Paper SS-MoA8
H Absorption Depth Profiling Measurement at Ultra-thin Pd(111) Film by Thermal Desorption Spectroscopy

Monday, October 29, 2012, 4:20 pm, Room 21

Palladium is a peculiar metal with non-activated dissociation and bulk incorporation of hydrogen. Previous studies of H thermal desorption spectroscopy (TDS) at Pd(111) indicated that large H₂ exposures at ~100K induce a non-saturating desorption signal which is so called as α peak at 180 K [1]. The absorption origin of the α peak was inferred as the hydrogen located in subsurface sites just below the top surface Pd atoms layer, where it is stabilized at low temperatures by an energy barrier with respect to bulk sites. However, a hydrogen depth profiling measurement by nuclear reaction analysis (NRA) at the Pd(001) surface indicated that the α₁ peak (which regards as α peak at the Pd(111)) has to be assigned to the deeper located H in the 0-50 monolayer [ML] subsurface region [2]. The actual H depth distribution however was difficult to assess precisely with NRA, since the beam induced local heating was suspected to cause a partial escape of H from detection by diffusion into the bulk. To investigate the α-H origin without any heating ambiguity, TDS has been observed at well-defined ultra-thin Pd(111) films. Controlling the Pd film thickness enables us to seek the α-H depth profiling.

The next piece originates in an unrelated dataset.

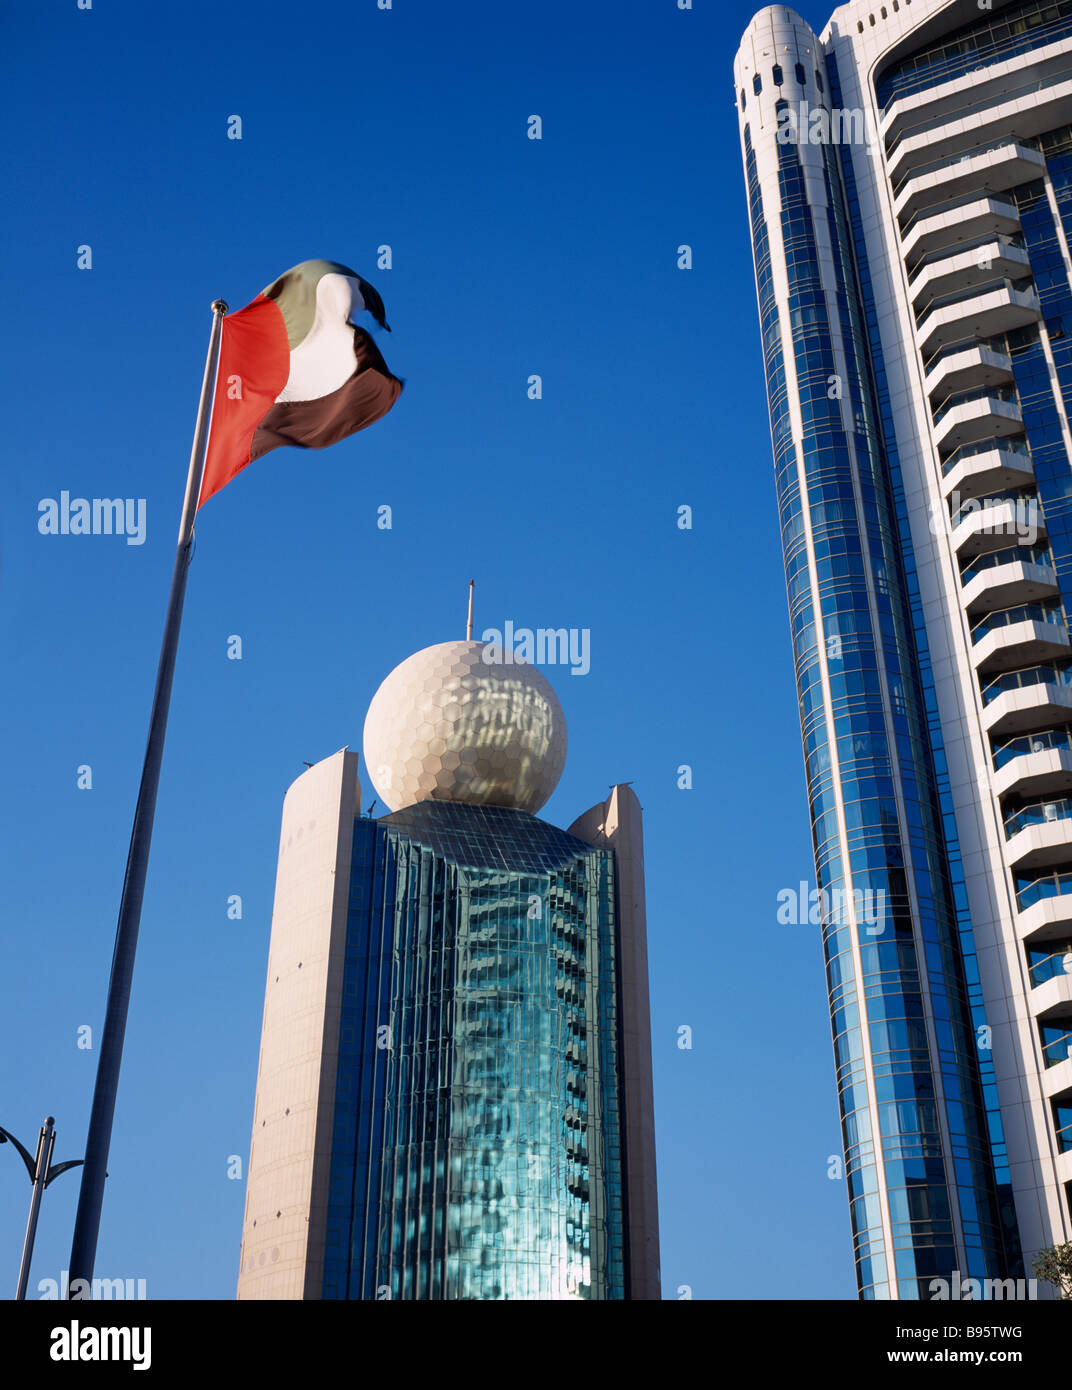 UAE Dubai Deira Etisalat Building on Dubai Creek with flag pole in foreground. Stock Photo

Pd film was deposited at the 50 ML of Ag(111) coated Si(111) surface by a Knudsen cell at room temperature. The Pd surface structure was characterized by a reflection high-energy electron diffracion (RHEED) and an atomic force microscopy (AFM). Pd(111) film grew layer-by-layer at the Ag(111) surface when grown at room temperature without any interdiffusion. The lattice constant mismatch between Pd and Ag of 4.9 % expanded the Pd lattice constant when the Pd thickness (θ_Pd) was below 80 ML. It recovered the bulk lattice constant at θ_Pd > 80 ML. H₂ was exposed to the Pd(111) surface at 102 K with an exposure pressure of 1x10^-4 Pa. By integrating α-TDS signal, α-H absorption amount of H₂ exposure dependence (<4x10⁴ L) and of θ_Pd dependence (<560 ML) were observed.

H absorption on the Pd film (θ_Pd=420 ML) saturated as ~8 ML at the maximum exposure of 4x10⁴ L. The averaged α-H concentration corresponded to 1.9 %. The θ_Pd dependence of α-H at the exposure of 4050 L showed that the α-H absorption increased with θ_Pd (maximum θ_Pd was 560 ML). H concentration at θ_Pd=80 ML was 1.8 % which was close to the saturated concentration, it decreased to 1.2 % at θ_Pd=560 ML. Our result indicated that the α-H absorption progress from near the surface region, but it possibly to absorb at the deeper bulk region than that of the previous NRA measurement at the high exposures.

References;

[1]. G. E. Gdowski et al. Surf. Sci. 181, L147 (1987).

[2]. M. Wilde et al. Surf. Sci. 482, 346 (2001).